Thursday, August 3, 2023

More than Politics

One of my first memories of a presidential election came on November 8, 1960. The radio announced the election of John F. Kennedy as President of the United States. My mother broke into inconsolable tears, "The Pope will rule the United States; we will all have to be Catholics."

So, my earliest experience of an election was the impact of disinformation that led my mother to believe something that could never have come to fruition, something that shook her very foundation as a Christian.

My mother was a dyed in the wool Republican. Her parents, particularly her immigrant father who came to this country from Germany in the 1890s, believed that the Republican party, which takes its name from the view of the country as a republic, was the party of the working class. That's not to say that they approved of everything that came from Republicans. Certainly, they did not approve of ending slavery, but in the 1960 election, they held to the idea that the GOP was protection from those darn Democrats who will make us all bow down to the Pope. They were, in that year, single issue voters. Where did they get their information? From their churches, from their friends, from their preferred radio stations, newspapers, and magazines. We didn't have a TV or internet, but radio was as much a source of information and disinformation as TV and the internet are today.

Some 60 years later, partially because of John F. Kennedy and more because of Lyndon Johnson, and the programs and policies they promoted (Vietnam not withstanding), I am a Democrat. And, I am watching legal proceedings I never imagined could happen as the former President of the United States is arraigned on four criminal counts for actions while he was in the White House, after being arraigned on forty some counts from misuse of documents after leaving the White House.

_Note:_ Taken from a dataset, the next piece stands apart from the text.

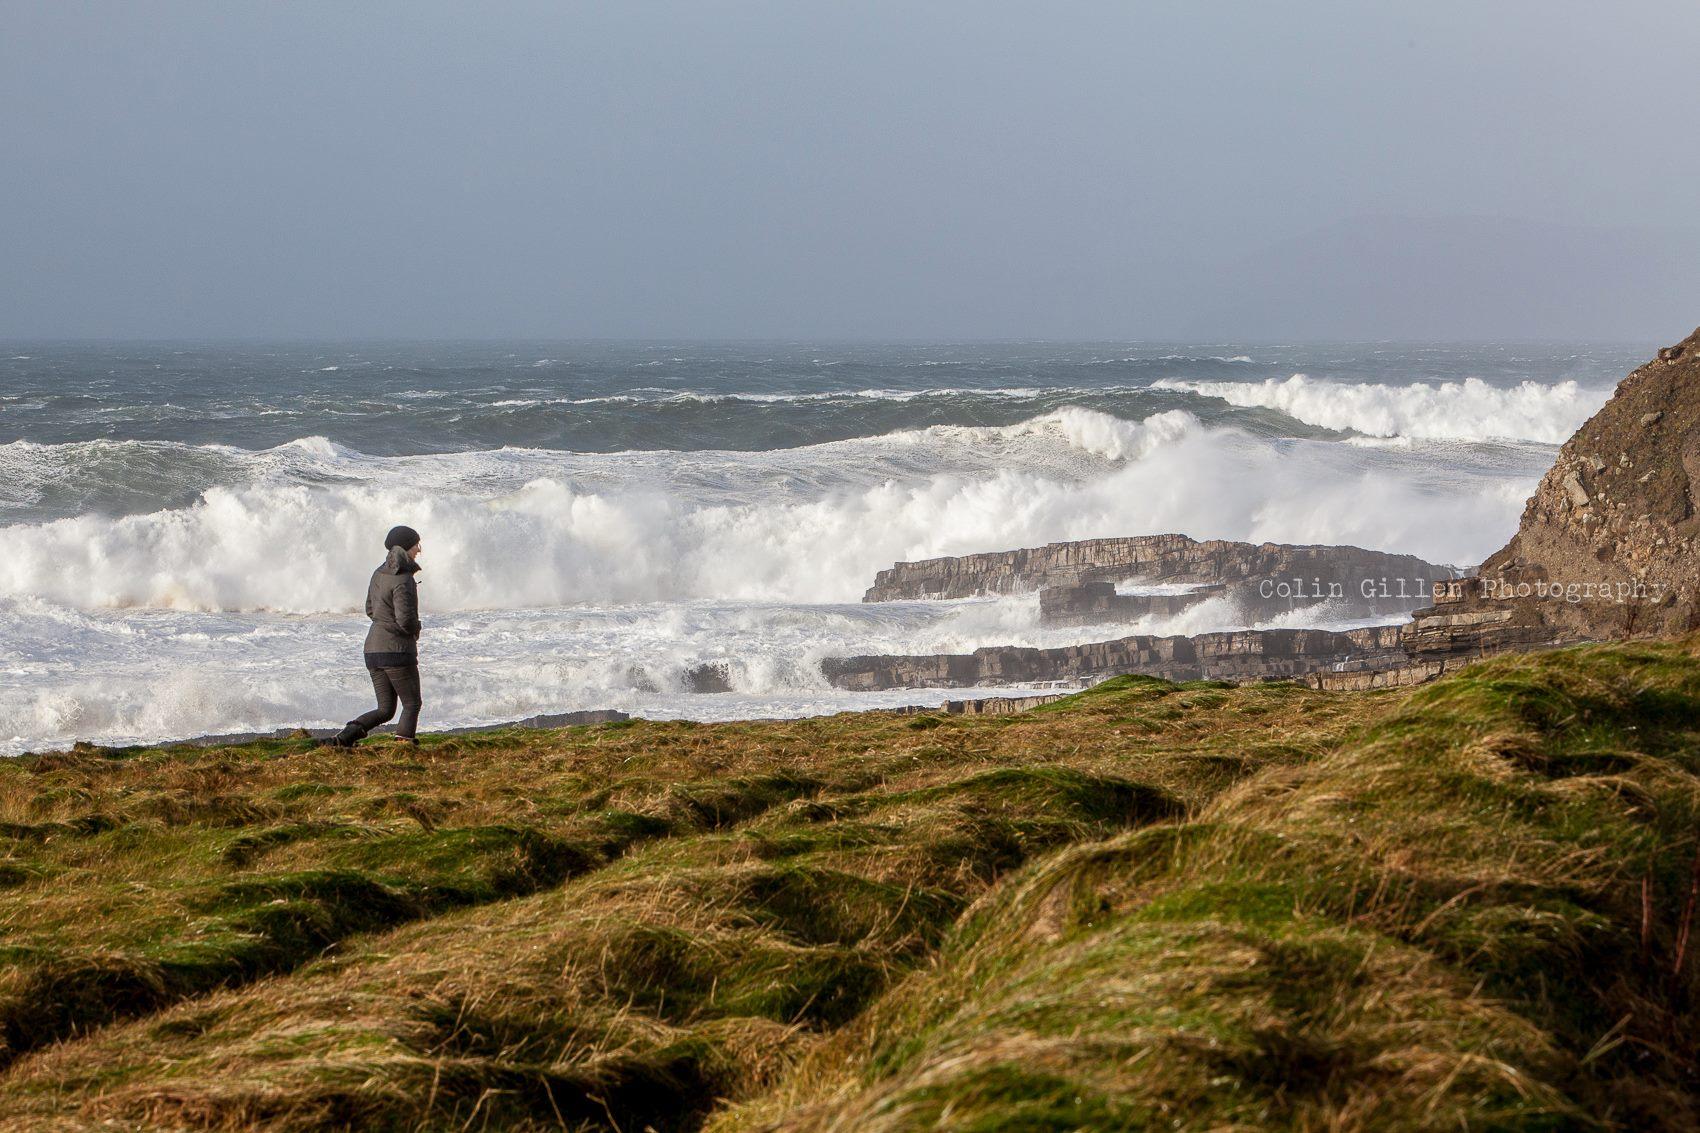 Sligo Area Photo: Colin Gillen-Framelight
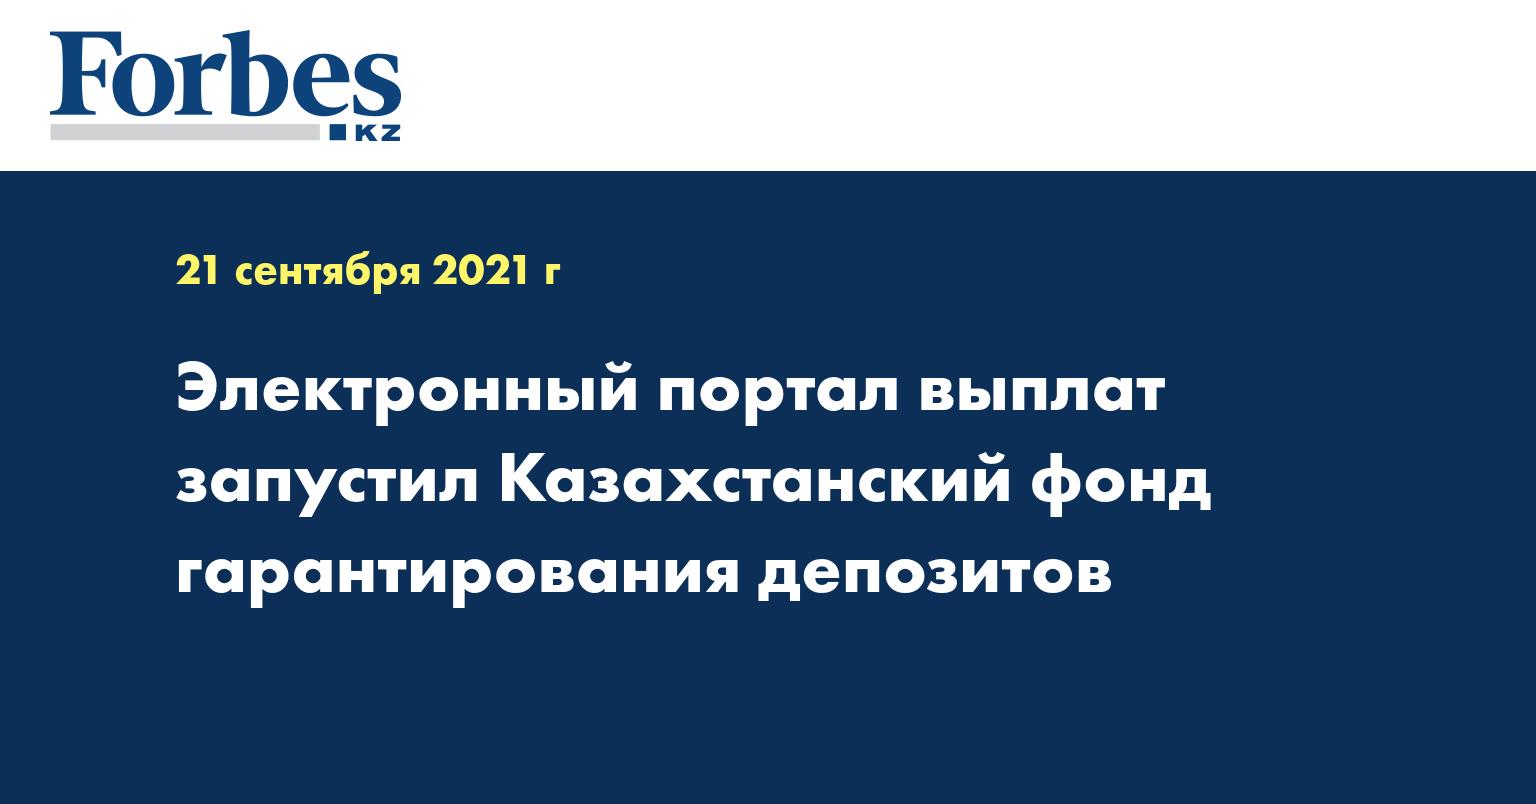 Электронный портал выплат запустил Казахстанский фонд гарантирования депозитов

Later in my youth, the candidate who lost to President Kennedy got his chance in the White House.  Aside from Vietnam, the other scandal of my college and grad school days was Watergate. First, Vice-President Spiro Agnew resigned his position because the Department of Justice had uncovered widespread evidence of political corruption and accepting bribes. That was totally unrelated to the Watergate scandal, but it set up a rather unique Presidential cycle that ended a President never elected to that office. That was a time we truly had to appreciate the framers of the 25th Amendment to the Constitution, because not only did Vice-President Agnew resign, but President Nixon resigned to avoid impeachment and possibly an arraignment of his own.

So, I'm old enough to have a personal and first-hand memory of some significant events that, I believe, set a stage for our current events. And those memories and the history I have lived made me a person who researches the candidates before I vote. 

Donald Trump has quite a history. He and his father got in trouble for discriminating based on color in to whom they rented apartments. He's had amazing luck agreeing to a price for items ordered, but finagling ways to avoid paying for goods delivered. I forget how many small businesses have been closed because of his resistance to paying his employees and suppliers. He has a long history of filing bankruptcy to avoid financial obligations. There are multiple cases of his company "cooking the books," misstating the valuations of his assets and his tax obligations. I'd say he has a history of being a bad actor in his business dealings. But, while I have seen documentation of these things, I am removed from these actions.

But, once he became the President of the United States, his actions impacted me. He did not play straight with us regarding COVID, he misled us about immigrants from Middle Eastern countries and from Latin and South American countries. He lied to us, all of us. And, as was said in his latest indictment, some of his lying was legal, lying, but not cause for legal action. But when he used those lies to deny our right to a fair election, when he lied to stay in an office he did not win the right to hold, when he lied to some of his supporters so they would serve as false electors who knew he did not win the vote in their state, he did break the law.  When he kept secret documents that belonged to the government, not to him, he broke the law. It makes me exceedingly concerned that he might claim the presidency to hold himself above the law.

How does he have so many supporters? It's not unlike that election in 1960. There's a much broader range of ways to spread his messages. There are at least three national television networks who specializes in what one of his former staffers called "alternative facts." There are countless ways to spread his message on various social media sites. And there are the same means used in the 1960 election that led to my mother's certainty of the Pope's involvement in our government.